[INFORMATION SHOWN]

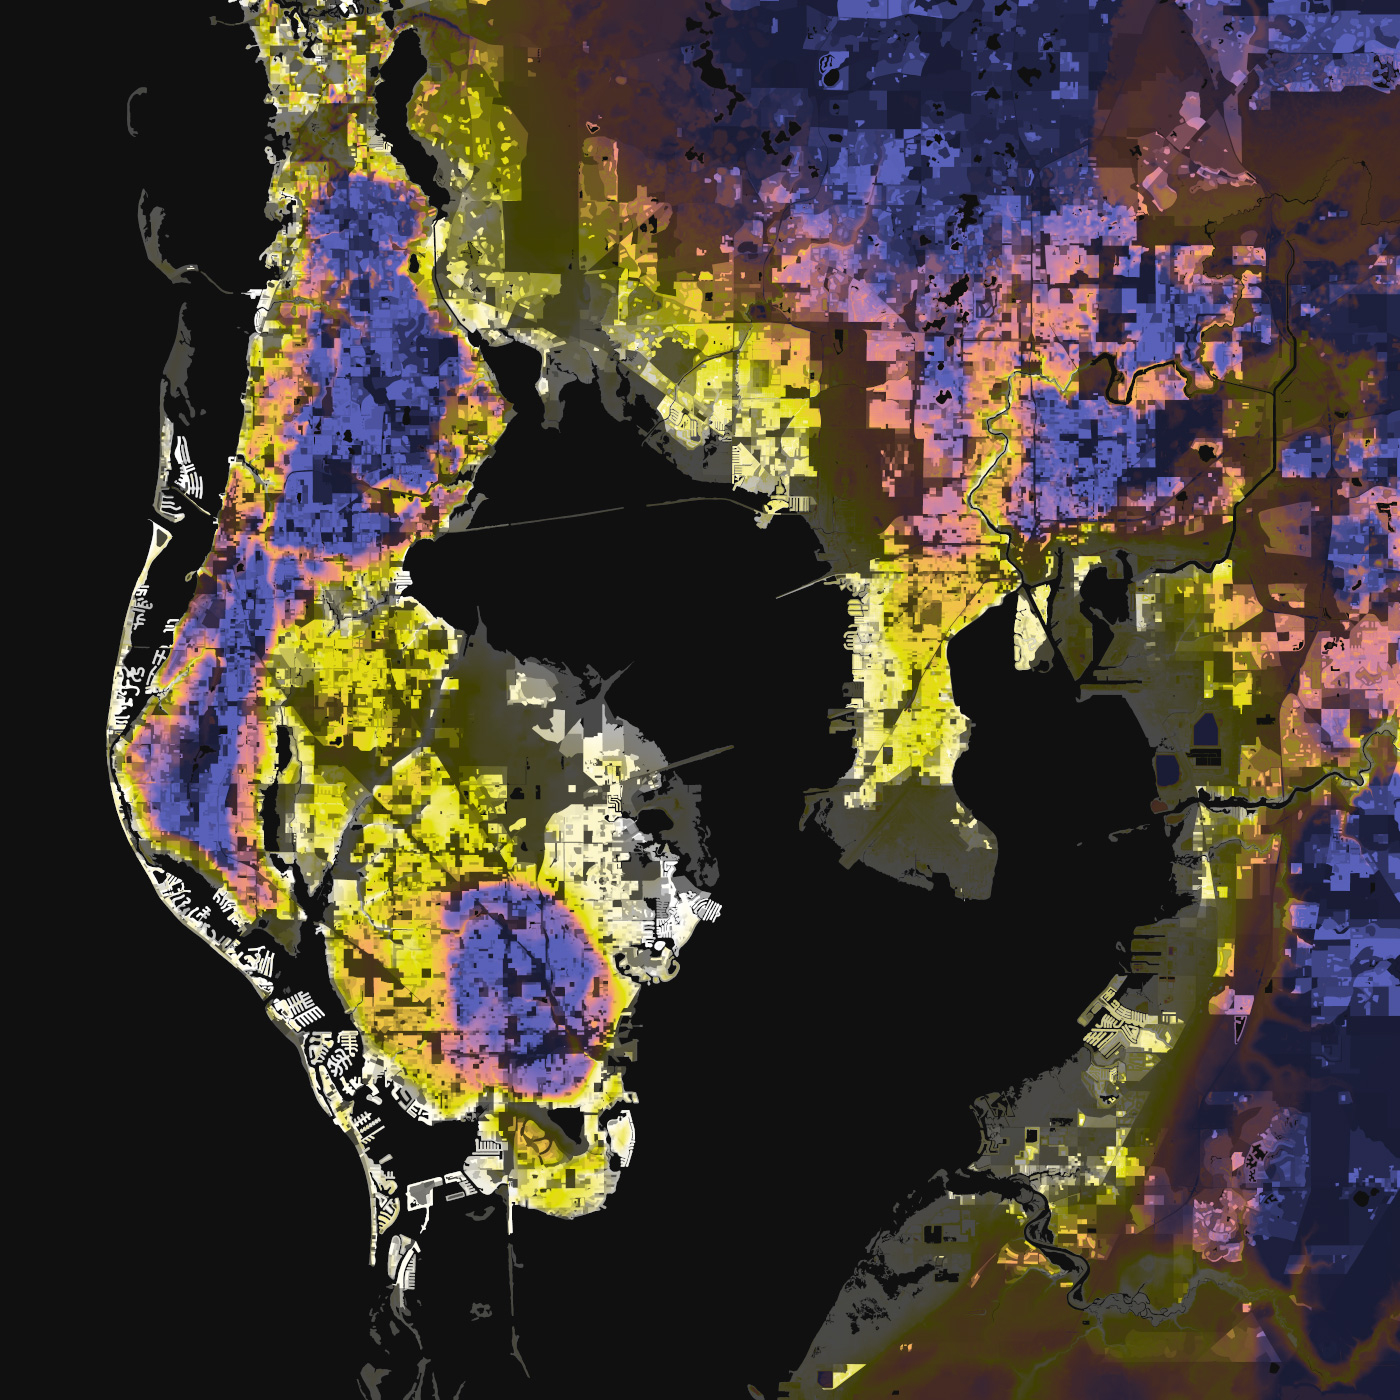 Tampa-St. Petersburg, Florida – Elevation And Population Density, 2010 - Florida Elevation Map
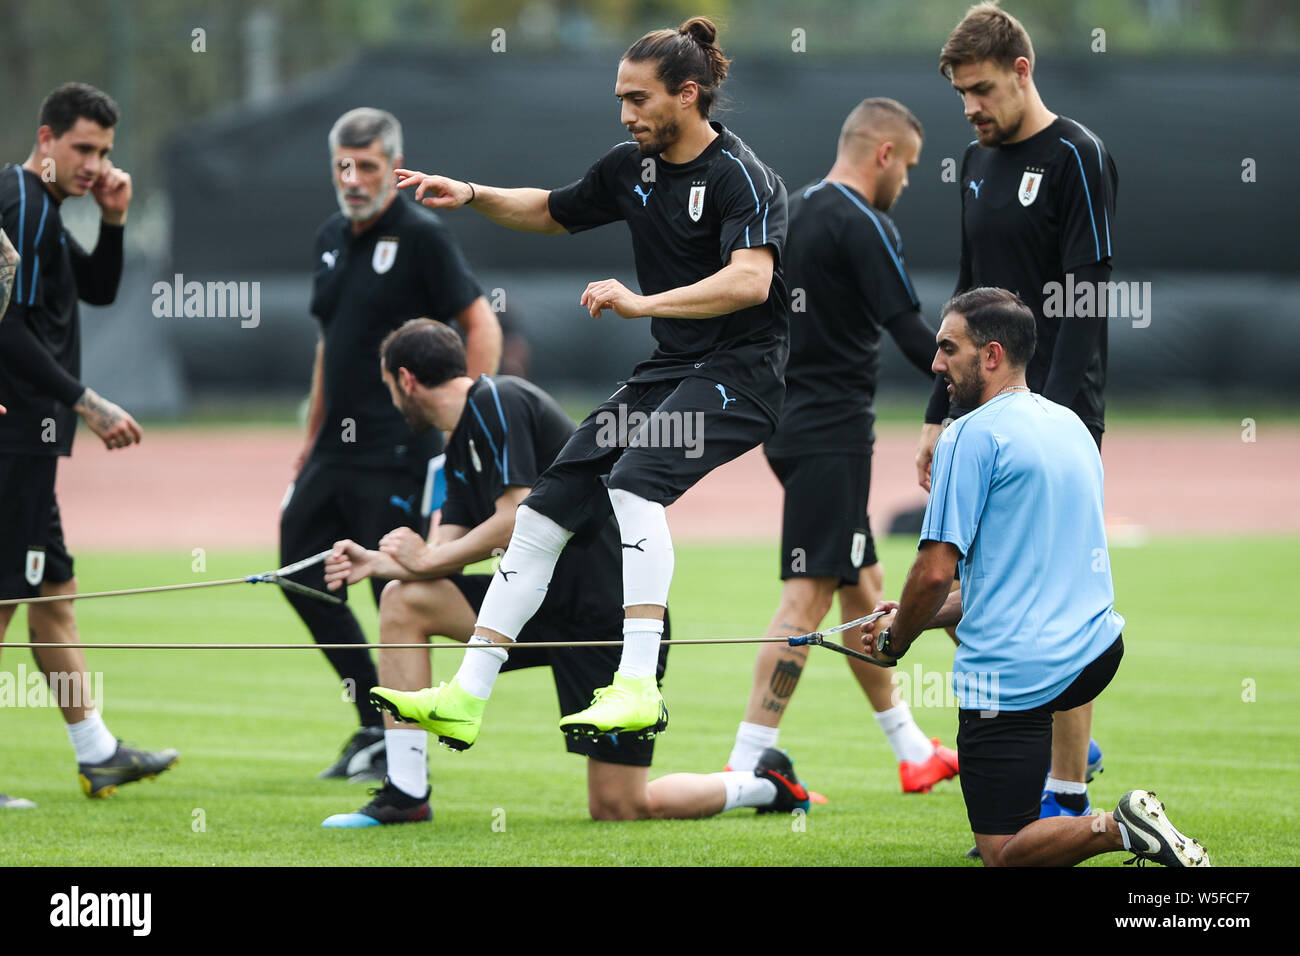 Martin Caceres and other players of Uruguay national football team take part in a training session for 2019 Gree China Cup International Football Cham Stock Photo
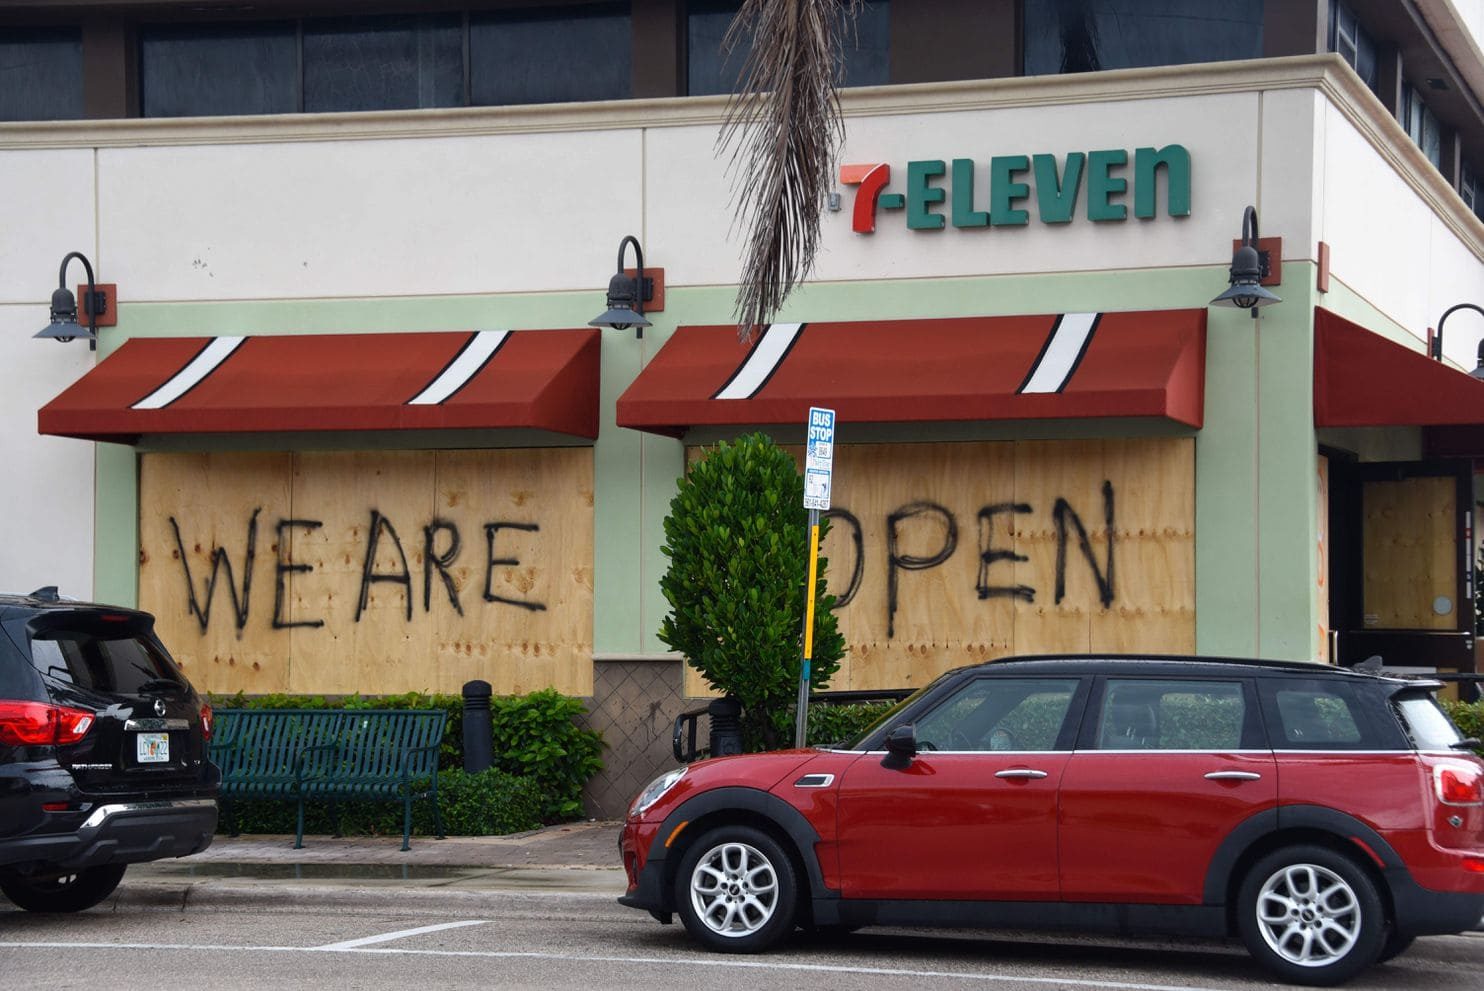 Shops windows are seen boarded up as Hurricane Dorian approaches in Deerfield Beach, Florida on September 2, 2019

[/INFORMATION SHOWN]

Repeat the data exactly, without the pictures.

_SOLUTION FOR THIS PROBLEM_
 Tampa-St. Petersburg, Florida – Elevation And Population Density, 2010 - Florida Elevation Map
 Martin Caceres and other players of Uruguay national football team take part in a training session for 2019 Gree China Cup International Football Cham Stock Photo
 Shops windows are seen boarded up as Hurricane Dorian approaches in Deerfield Beach, Florida on September 2, 2019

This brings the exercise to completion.